Coral Reef of Varadero is a coral reef located in the Bay of Cartagena, Colombia. Its paradoxical existence, harboring high coral cover and diversity despite the poor water quality and high sediment loads discharged into the Bay for the last 500 years by the Canal del Dique, has drawn special interest by the scientific community as well as local and international media. The persistence of Varadero reef is currently threatened by a project to modernize Cartagena's port, which includes the dredging of a new shipping lane through the reef. The regular operation and maintenance of the channel is also likely to cause water quality in the Bay to deteriorate.

==Location==
Varadero Reef (10⁰18'10"N, 75⁰34'55"W) is a 1 km^{2} shallow water reef located SW of the Bay of Cartagena. It lies in the northern limit of the Natural Park Corales del Rosario y San Bernardo, Colombian Caribbean. It is located approximately 6 kilometers to the east of the main mouth of the Canal del Dique, a canal of 118 kilometers connecting the Cartagena Bay to the Magdalena River.
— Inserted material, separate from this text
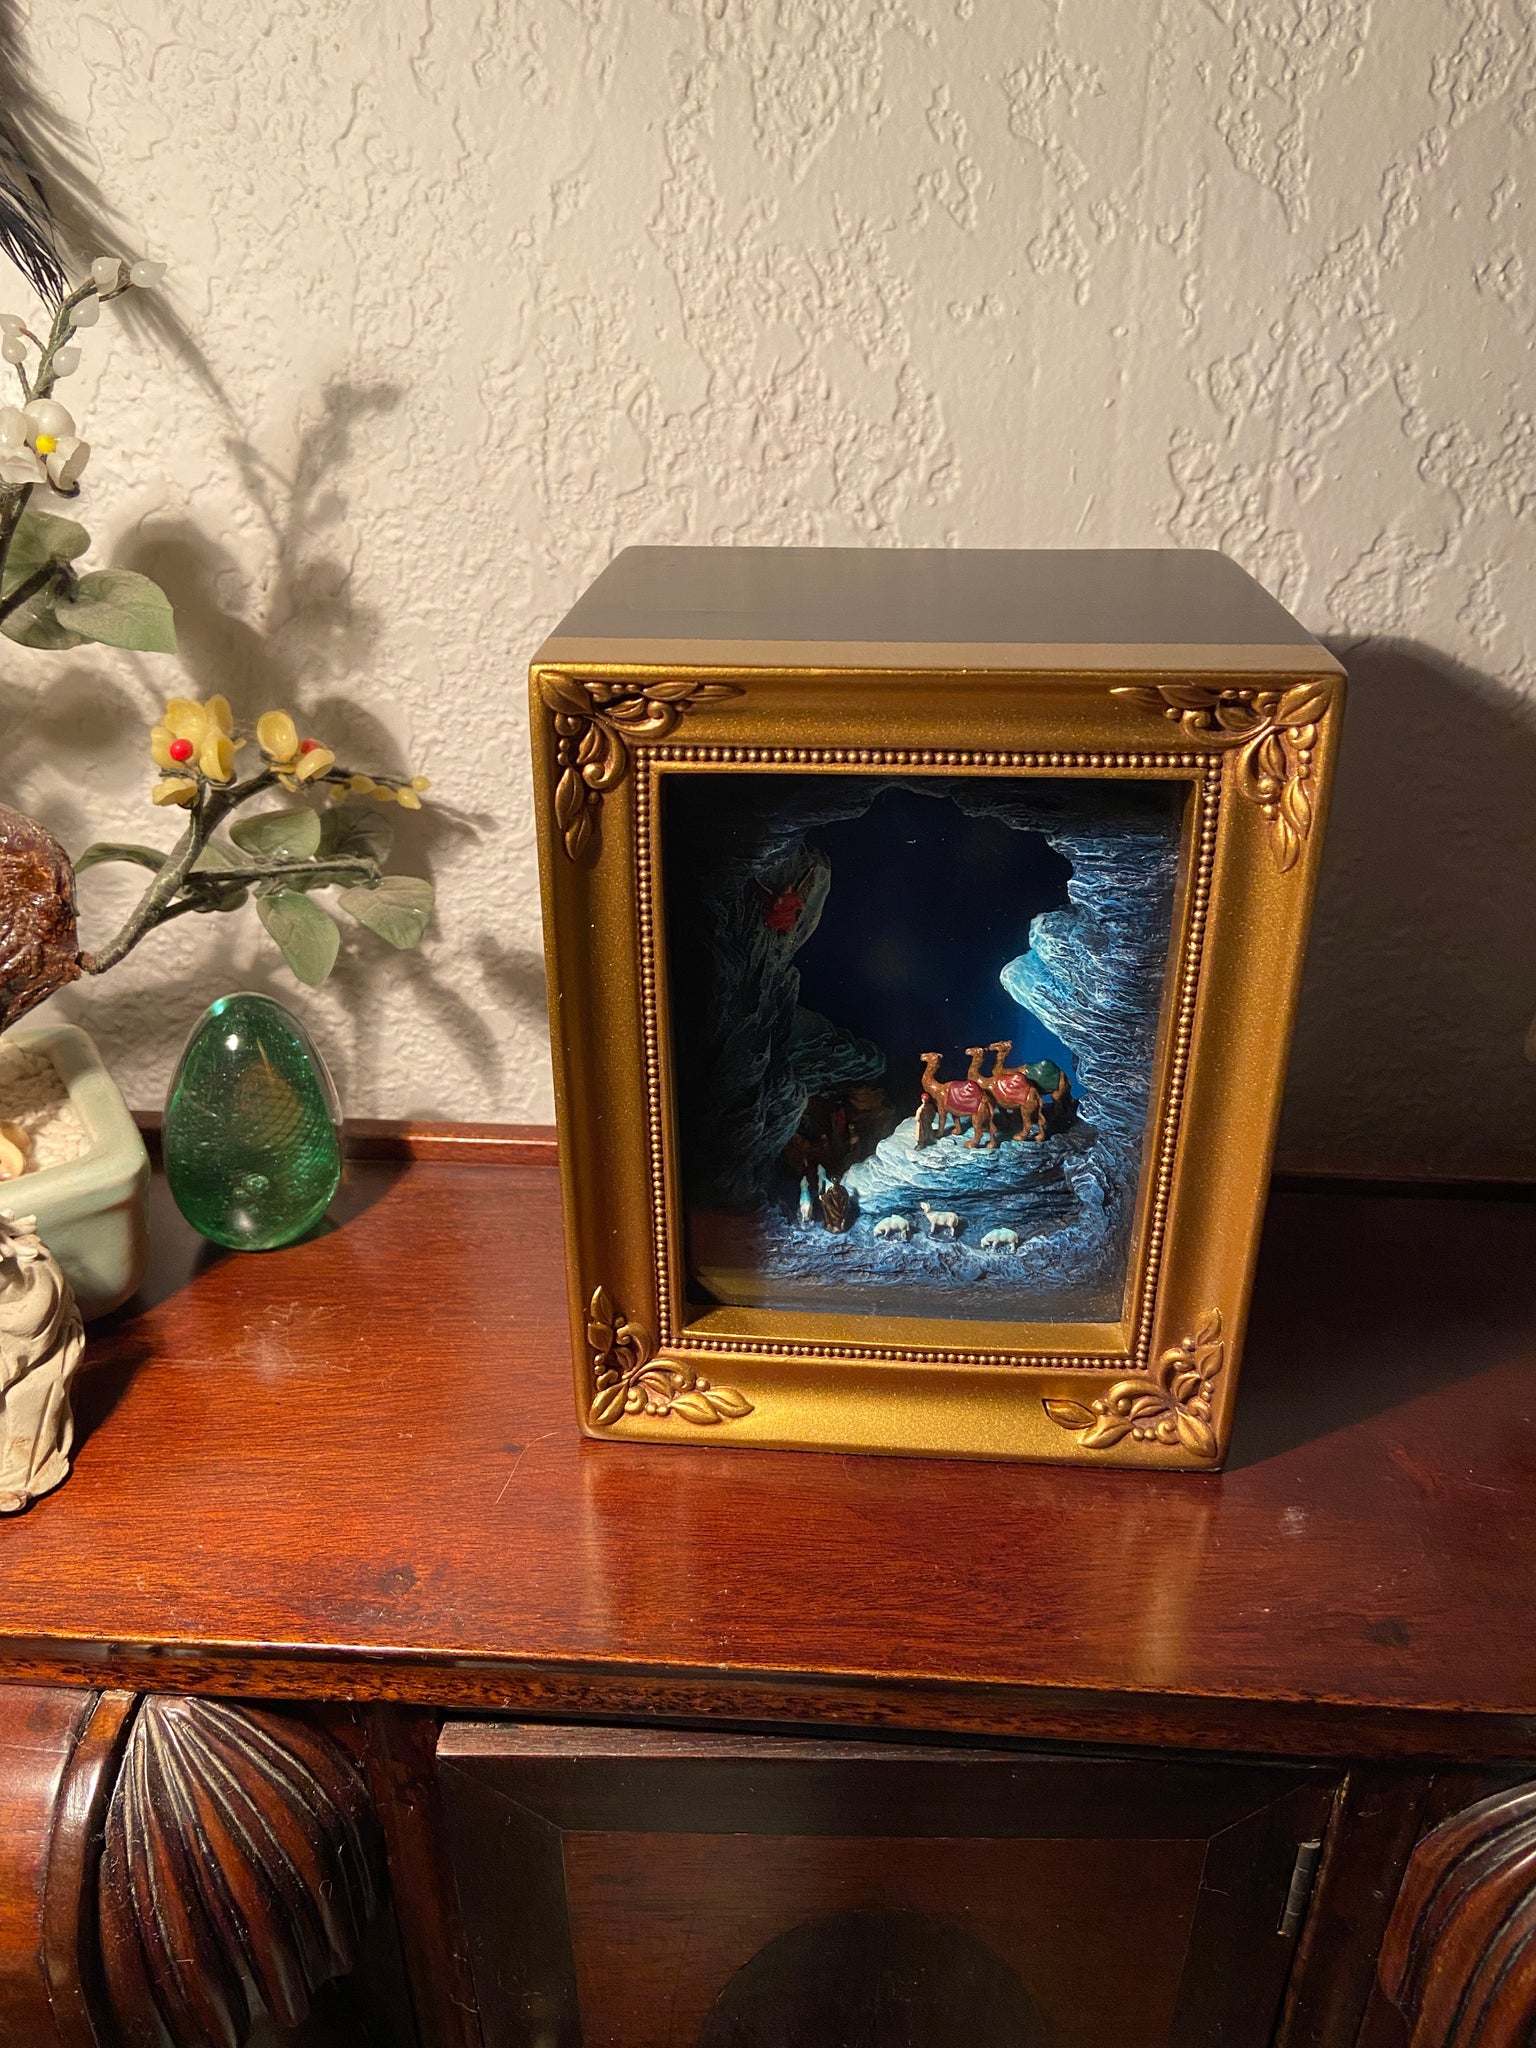 “The Guiding Light” Nativity Robert Olszewski Masterpiece Gallery of Light Collection

The annual water discharge and sediment load of the Canal del Dique has a mean of almost 400 m^{3} per second and 6 million tons per year, respectively, and as a result the Bay closely resembles an estuarine environment. The influx of human activity accompanied by the presence of this canal has increased the Bay water's turbidity, nutrient levels, and sedimentation during last decades, which in turn may have caused acute damage to the coral reefs and seagrass beds in the area. Reefs outside the Bay, including those of the Rosario Islands, have also been negatively impacted by the increased sedimentation rates from the Magdalena River and the construction of new channels from El Dique to the south of the Bay of Cartagena.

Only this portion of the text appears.